Data shown:

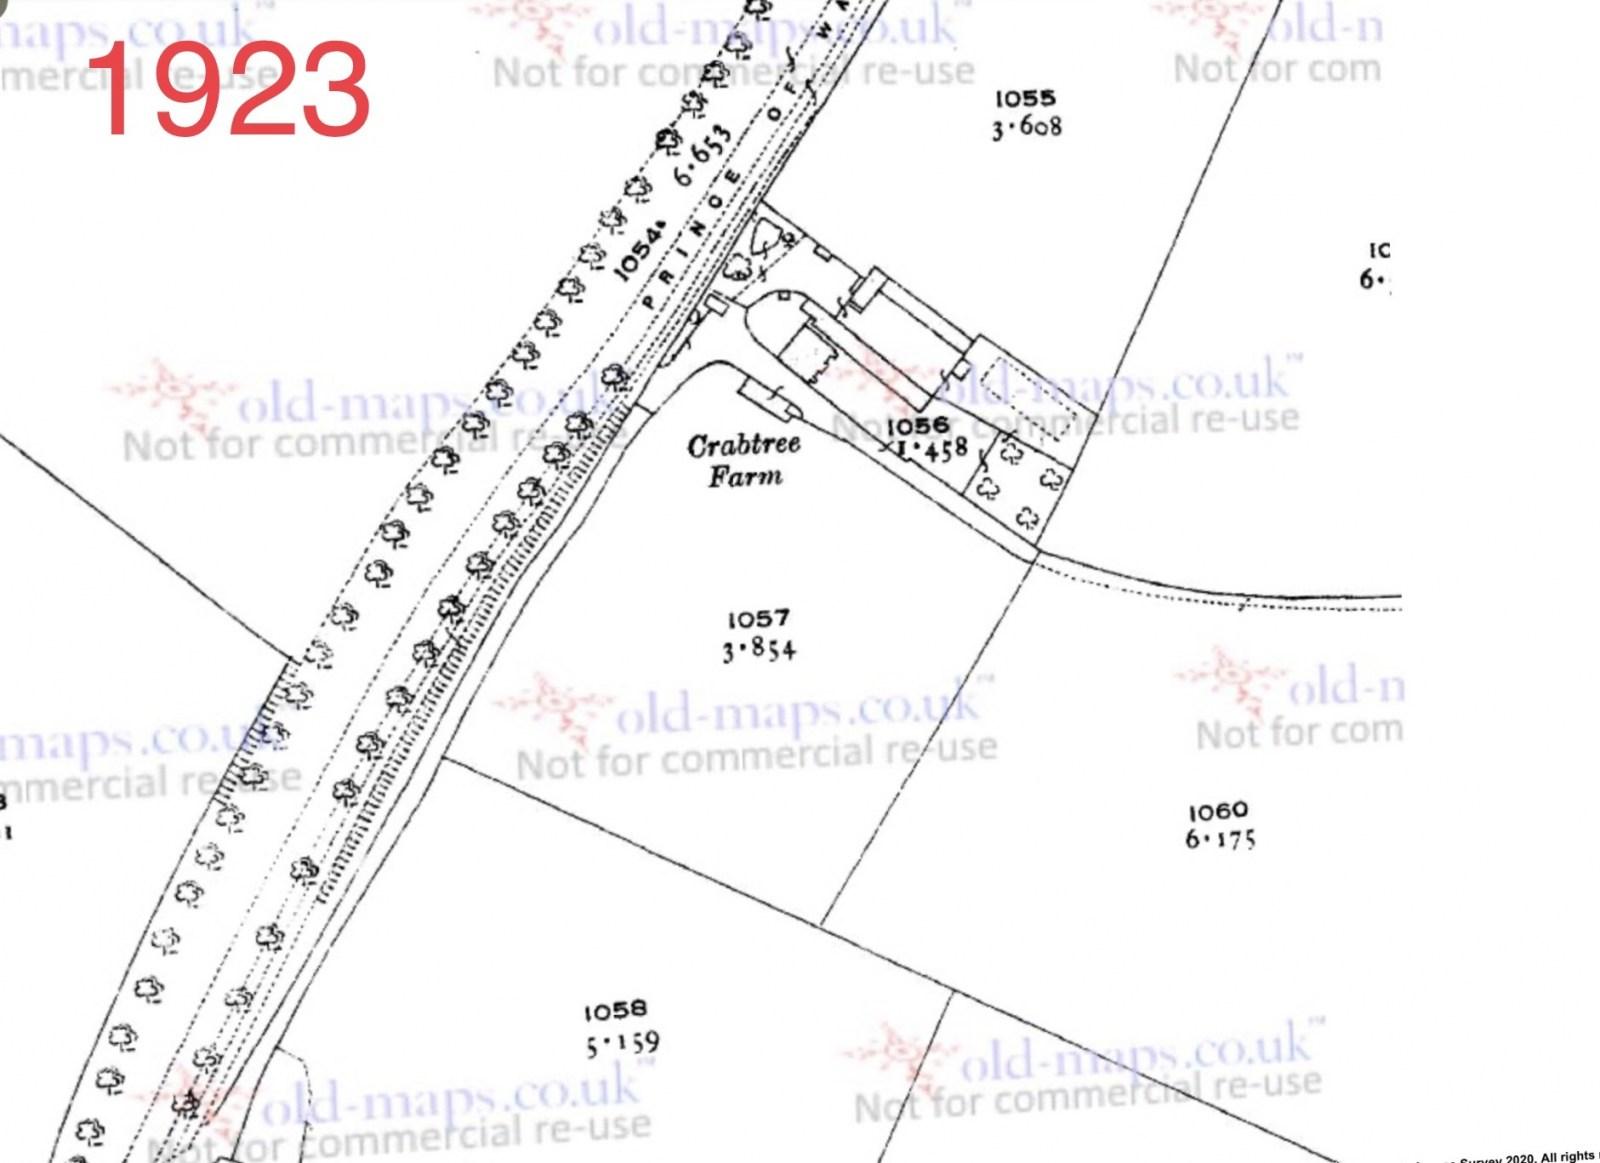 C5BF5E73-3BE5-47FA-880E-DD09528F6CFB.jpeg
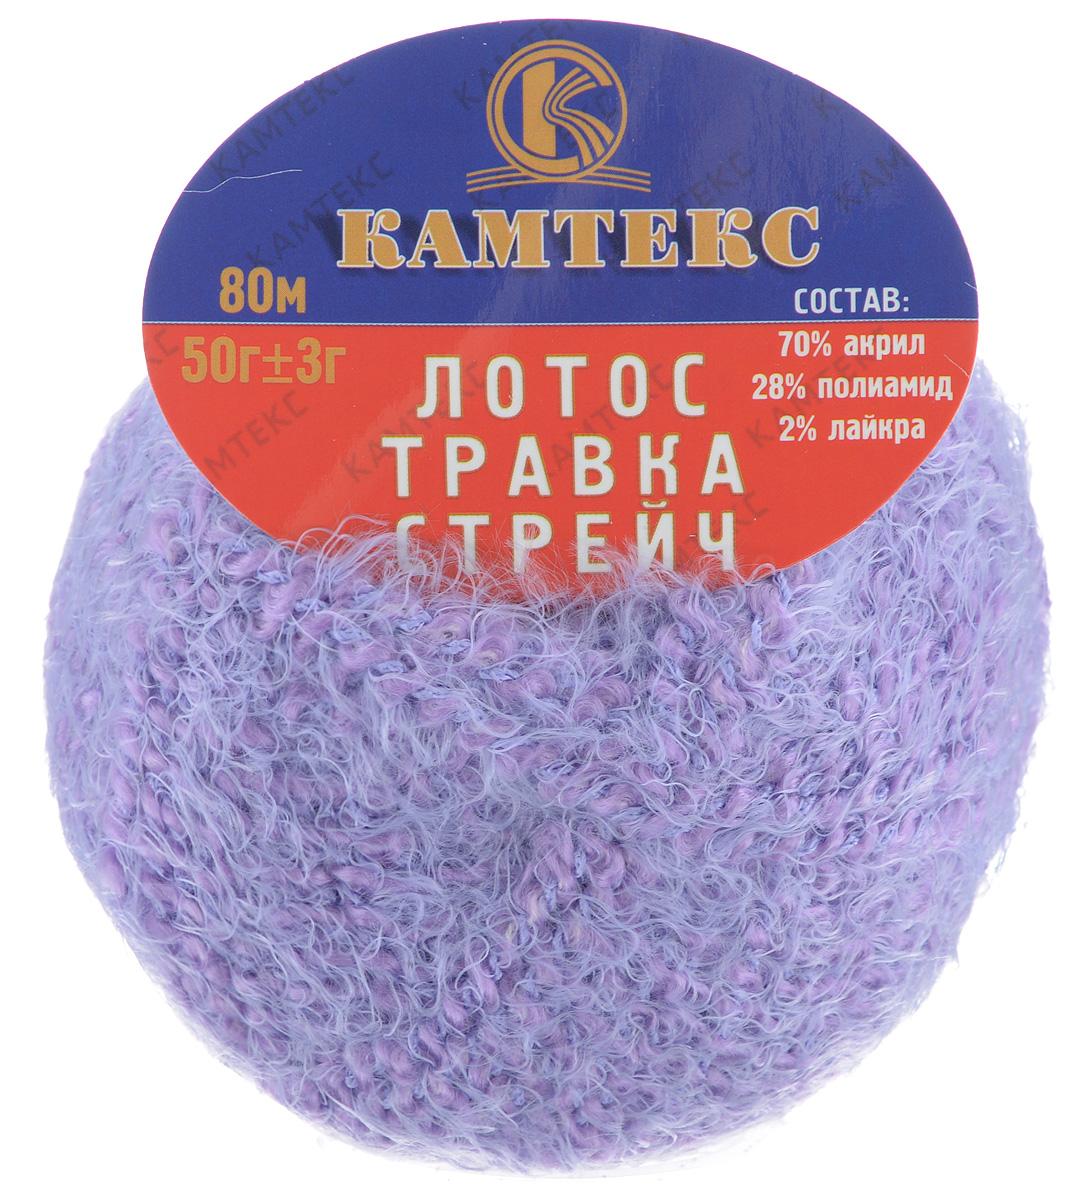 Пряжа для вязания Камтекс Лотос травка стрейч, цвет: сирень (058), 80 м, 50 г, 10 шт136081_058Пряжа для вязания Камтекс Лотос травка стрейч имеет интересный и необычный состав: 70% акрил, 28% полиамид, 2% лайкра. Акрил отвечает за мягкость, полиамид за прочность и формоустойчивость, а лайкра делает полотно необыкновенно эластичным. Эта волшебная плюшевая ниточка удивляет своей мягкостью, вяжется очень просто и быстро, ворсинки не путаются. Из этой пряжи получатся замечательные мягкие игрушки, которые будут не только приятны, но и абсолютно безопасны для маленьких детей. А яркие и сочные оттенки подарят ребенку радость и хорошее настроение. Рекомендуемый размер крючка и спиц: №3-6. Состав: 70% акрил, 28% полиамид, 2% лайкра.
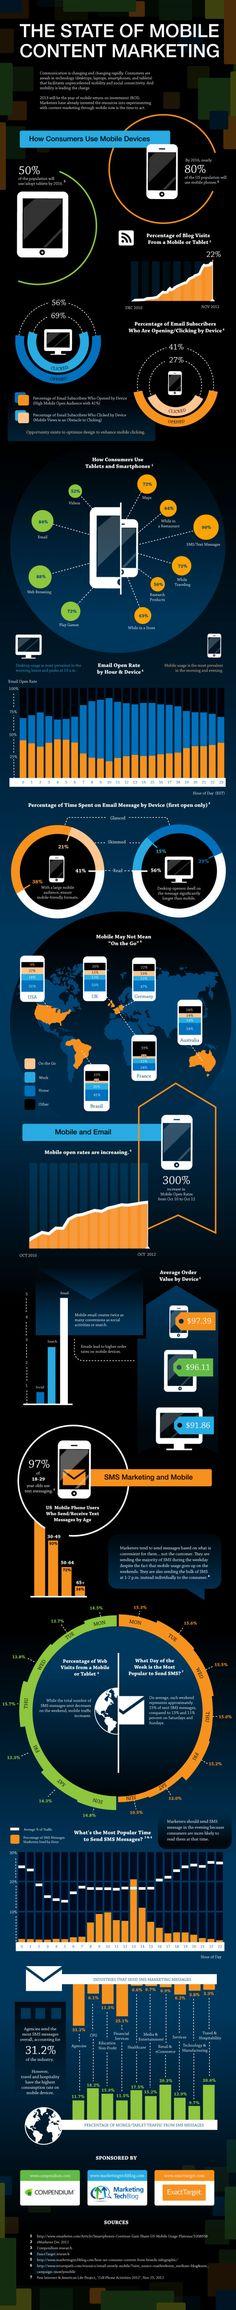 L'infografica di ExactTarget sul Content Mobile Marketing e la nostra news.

Exercise brief:
Leave every image out when you return the material above word for word.

Solution below:
 C5BF5E73-3BE5-47FA-880E-DD09528F6CFB.jpeg
 Пряжа для вязания Камтекс Лотос травка стрейч, цвет: сирень (058), 80 м, 50 г, 10 шт136081_058Пряжа для вязания Камтекс Лотос травка стрейч имеет интересный и необычный состав: 70% акрил, 28% полиамид, 2% лайкра. Акрил отвечает за мягкость, полиамид за прочность и формоустойчивость, а лайкра делает полотно необыкновенно эластичным. Эта волшебная плюшевая ниточка удивляет своей мягкостью, вяжется очень просто и быстро, ворсинки не путаются. Из этой пряжи получатся замечательные мягкие игрушки, которые будут не только приятны, но и абсолютно безопасны для маленьких детей. А яркие и сочные оттенки подарят ребенку радость и хорошее настроение. Рекомендуемый размер крючка и спиц: №3-6. Состав: 70% акрил, 28% полиамид, 2% лайкра.
 L'infografica di ExactTarget sul Content Mobile Marketing e la nostra news.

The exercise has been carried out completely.